2. The manuscript is far too long and key messages can be reported much more clearly and concisely. For example:
Introduction – There is far too much background on what is known about ActA and osteoblasts in FOP, which has not been studied here (in any case, large sections of this text are repetitive of their 2020 paper). What the Introduction should be focused on is what they reported in the 2020 paper, what they learned from the analyses, including gene expression analysis they report there, and why they embarked on the RNAseq (some of this is in the 1st para of the Discussion but it should be in the Introduction with the rationale for the current studies). What would also be helpful in the Introduction/rationale and how the data are reported more generally, is why they focused RNAseq on a single time point - the late differentiation stage (d14). While it is obvious that this time point may ultimately provide additional insight into changes in late stage differentiation, fusion and resorptive activity, it won’t address the earlier stages for which they earlier reported some evidence for ActA-induced changes in known regulators such as M-CSF and DC-STAMP.
Methods and approach – Overall, the bioinformatics analyses are standard and can be presented in less detail in Methods and Results. Second, while the result is clear in fig. 1C to support the statement that ActA had similar effect on control and FOP cells, in Fig. 1B and throughout other figures, the legends refer to 11 samples with or without treatment; clarify whether these are control or FOP.

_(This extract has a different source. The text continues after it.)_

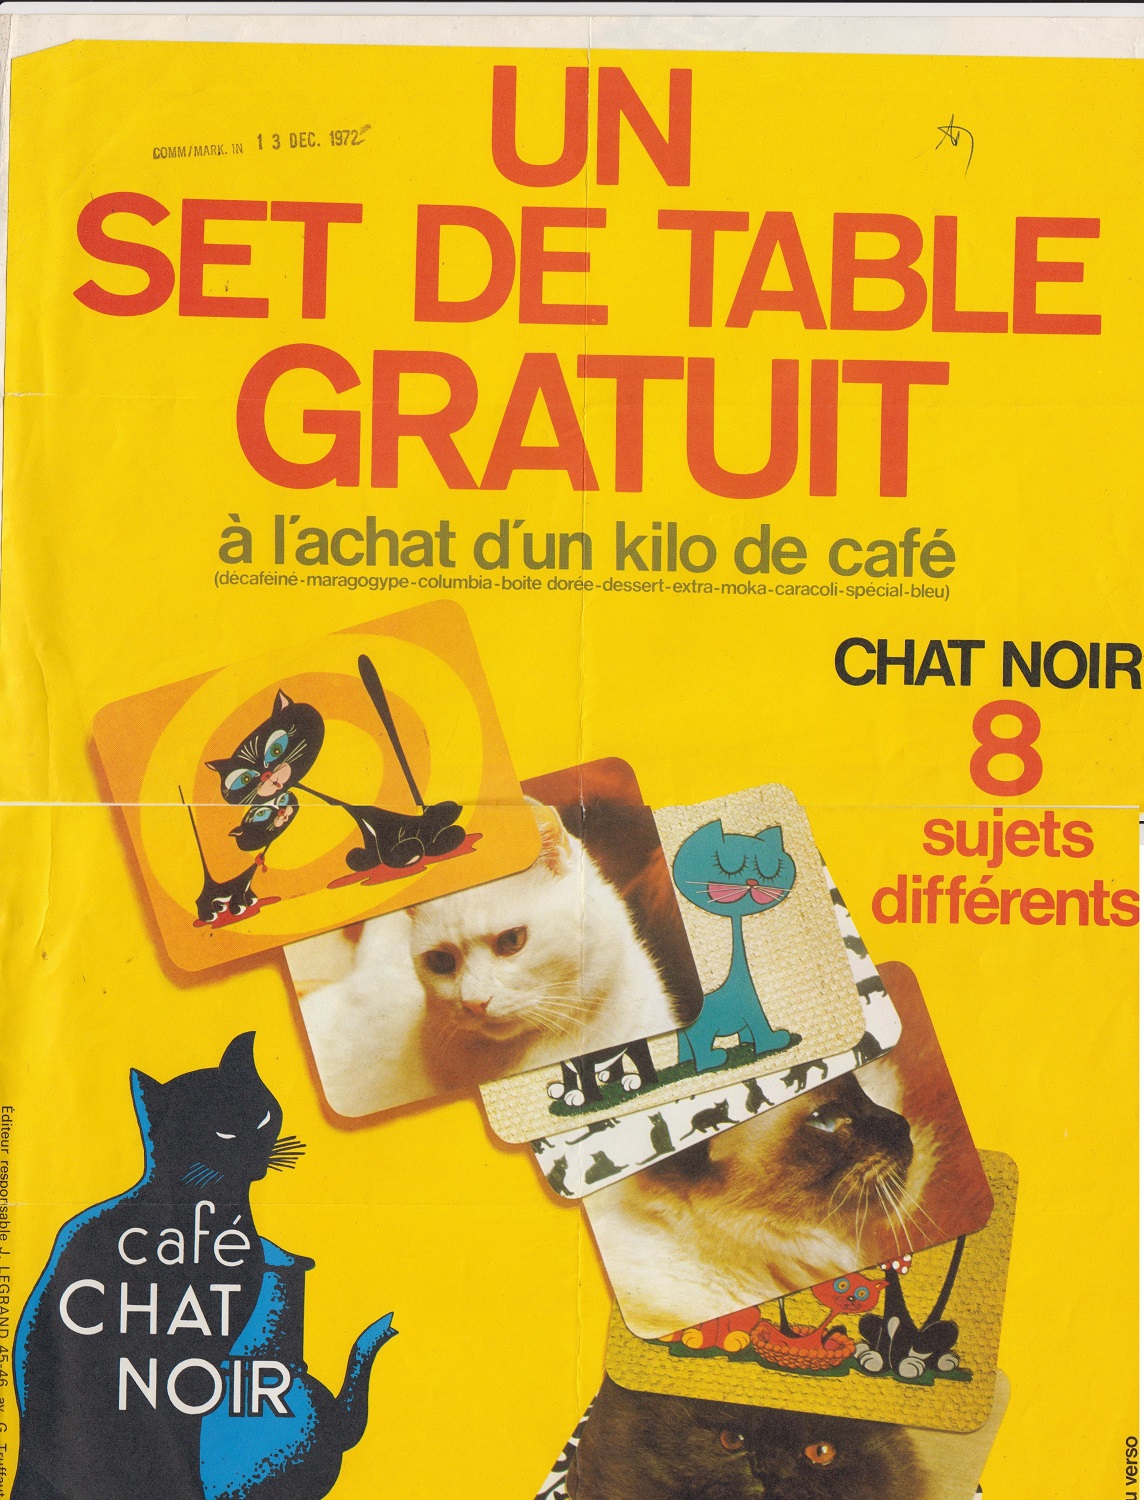 promotie van koffie Zwarte Katn 1972. Collectie Jacobs Douwe Egberts, Brussel.

Results – Again, since the bioinformatics used to analyze the RNAseq data are standard, the KEGG and GO data can be summarized more succinctly, without the text repeating much of what is shown in the figures and explained in legends. Please correct: Volcano plots not Vulcano plots.
Discussion – This can be much shorter to summarize the findings without so much speculation on genes and pathways, none of which have been tested beyond what is already known. Second, the authors should be better integrating what they believe they have learned here versus what has been reported for osteoclastogenesis/osteoclasts in FOP bone by others and what they have reported earlier with normal versus FOP osteoclasts. Third, the limitations of the approach overall (e.g., the limitations of the cell culture approach, the single time point studied, the lack of functional analyses and lack of evidence for cause-effect for any of the changes seen) should be better highlighted and discussed.
Abstract and conclusions – As indicated above for the Introduction and Discussion, the Abstract could also be better focused. In addition, the rhetoric at end of the Abstract and Discussion related to treatment of FOP with ActA antibodies should be deleted; not only does it repeat almost verbatim what they wrote in their 2020 paper, nothing they have reported here advances our understanding of treatment with ActA antibodies.
Author Response
Please see the attachment.
Author Response File: Author Response.pdf
Round 2
Reviewer 2 Report
As far as they go, the studies appear sound and the authors have made textual changes that improve the manuscript. However, I have essentially the same main concerns as previously. I agree with the authors that the results can serve as a starting point, but without additional studies, the work remains entirely descriptive, with no new understanding of FOP and minimal substantive or conclusive new understanding of Activin A effects on osteoclastogenesis.